権丈:ほんっとおもしろい話で。年金で言うモデル世帯って、別に世の中に存在する標準世帯、平均世帯なんかではぜんぜんなくって、2004年の年金改革のときに、片働き夫婦世帯の年金水準の所得代替率が50%を切りそうになったら制度を見直そうねという基準、ベンチマークとして設けただけだもんね。
是枝:そうなんですよね。わたしの本の56頁の図表2-4と59頁の図表2-6をご覧ください。
権丈:この2つの図は、えらい良かったけど、この図を対談で紹介しても良いかな?
是枝:大丈夫ですよ。では、わたしがこの本で言いたかったこと、つまり、共働きはこれからの若い世代に明るい未来図をもたらすということを、この2つの図表で説明したいと思います。
図表2-4は、モデル世帯をベースとした年金のイメージを示しています。いまの60代の方の年金はこういう姿なんでしょうが、平均年収500万円くらいのところにモデル世帯があります。そのモデル世帯が受けるモデル年金額が250万円くらいになっています。
いっぽう、わたしたちの世代から見ると、年金は59頁の図表2-6のような姿になっていて、いま、夫婦で1人分の稼ぎしかないモデル世帯は、同世代内で比較的低所得の世帯になってしまっているんじゃないかと思うんです。そして、モデル世帯よりも世帯の生涯賃金が上の世帯がかなりあります。モデル世帯であれば、世帯の生涯賃金が2億円で年金額は250万円くらいということになりますが、世帯の生涯賃金が共働きで4億円まであるとすれば、年金額も夫婦で300万円を超えて、400万円近くになります。

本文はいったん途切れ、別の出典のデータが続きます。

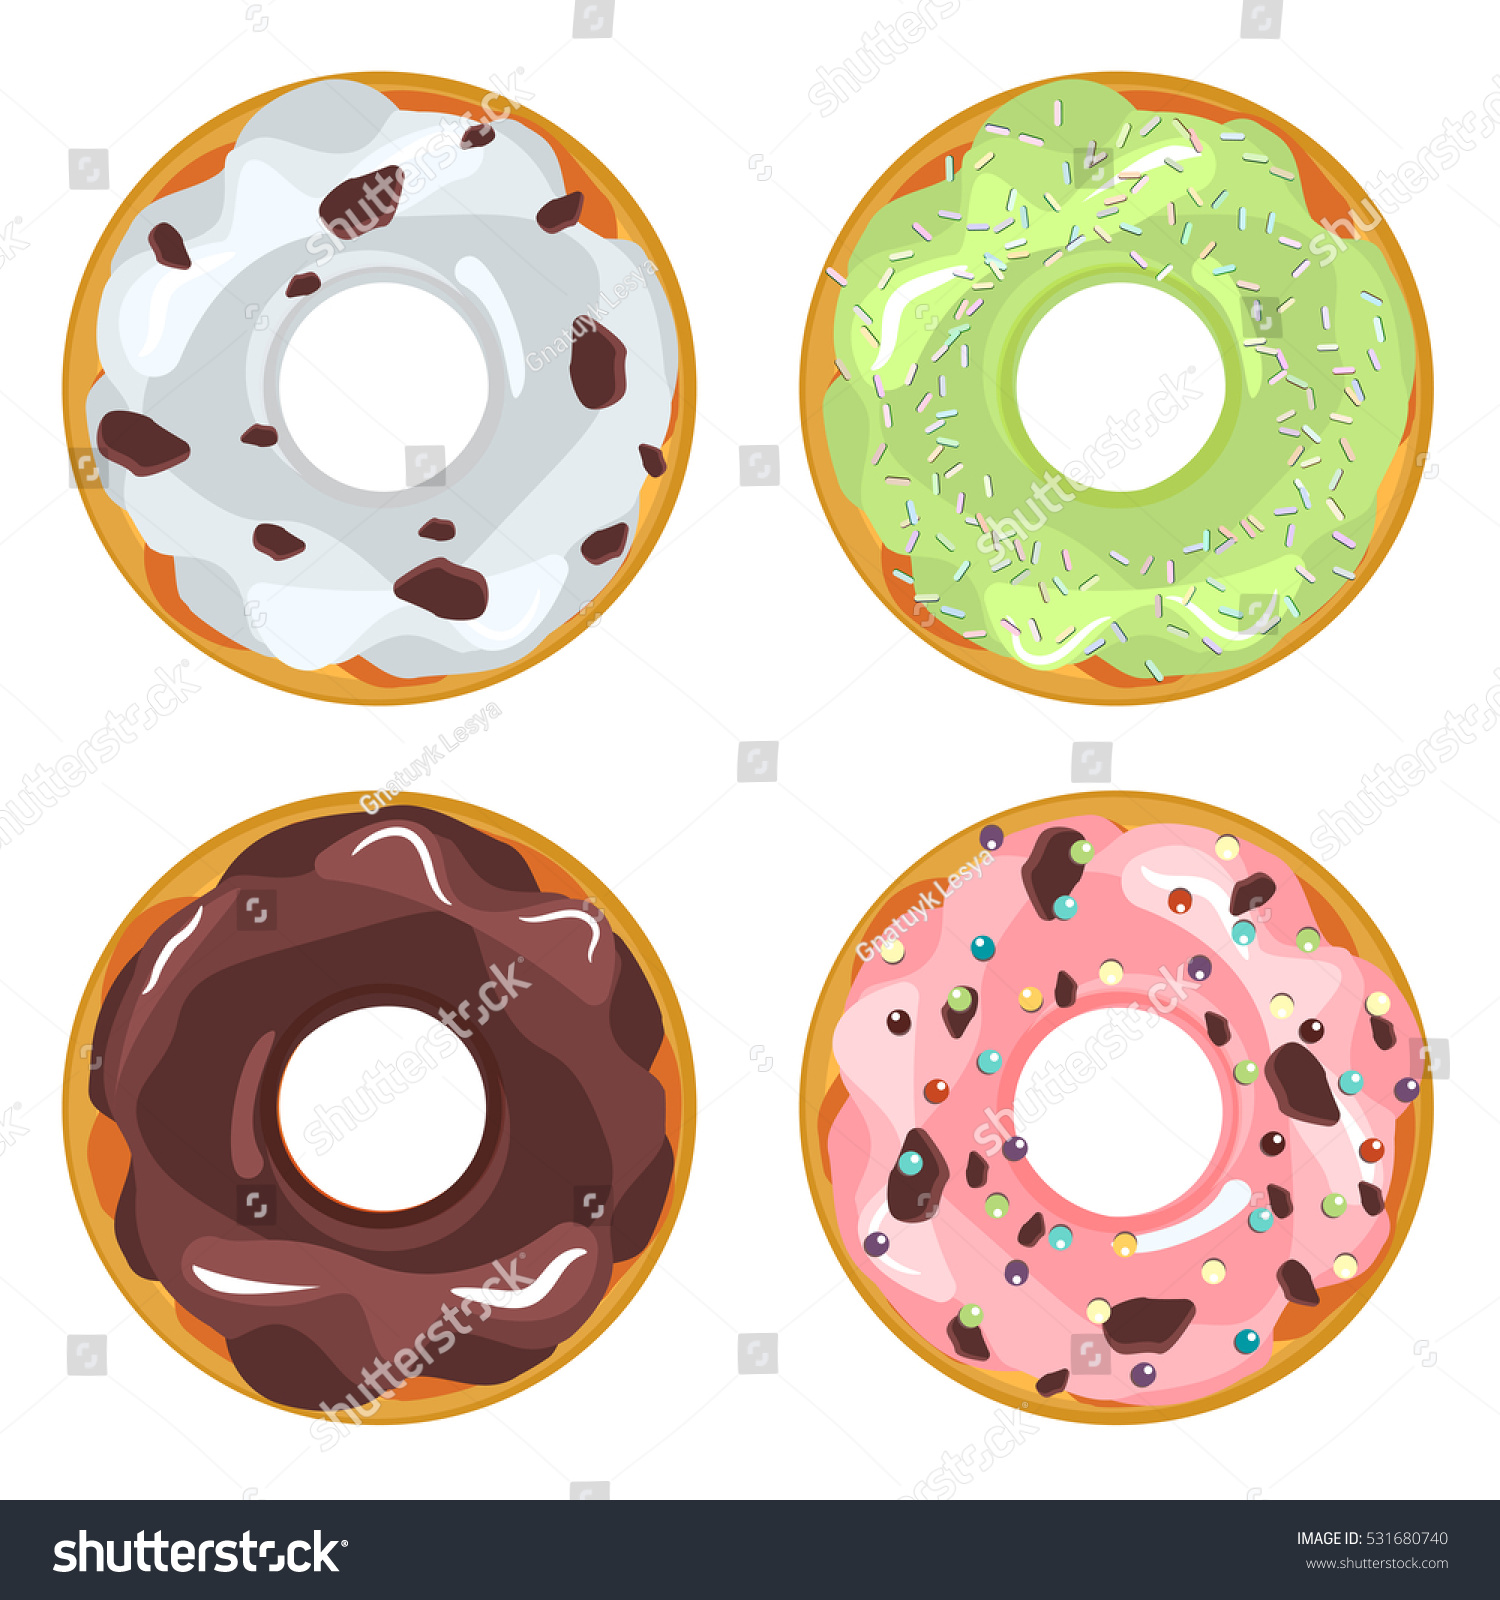 clipart donut logo - photo #46

権丈:いい図だなあ。そうでありながら、公的年金制度は高所得から中・低所得者に再分配をやっているところがなかなか立派なんだよね。みんなすぐに忘れるけど(笑)。
それは年金制度を定額部分と報酬比例部分の2階建てにしたからだけどね。だから、1954年年金改革で作られたこの仕組みは堅持していかなければならない。それにしても、世のなかには、年金は低くなるぞ、低くなるぞという情報のバイアスがあるから、是枝さんのこの図は、結構インパクトがあるし、君たちの世代の将来像を映しているからストーリーとしてもおもしろい。
是枝:厚生労働省が財政検証結果を出した際にも、モデル世帯イコール共働き世帯2人分として、1人当たり賃金が同じだとしたら、年金額は同じという資料*を出していましたが、それはそのとおりなんですけど、モデル世帯の賃金を単純に2で割ると、相当な低所得になってしまいますよ。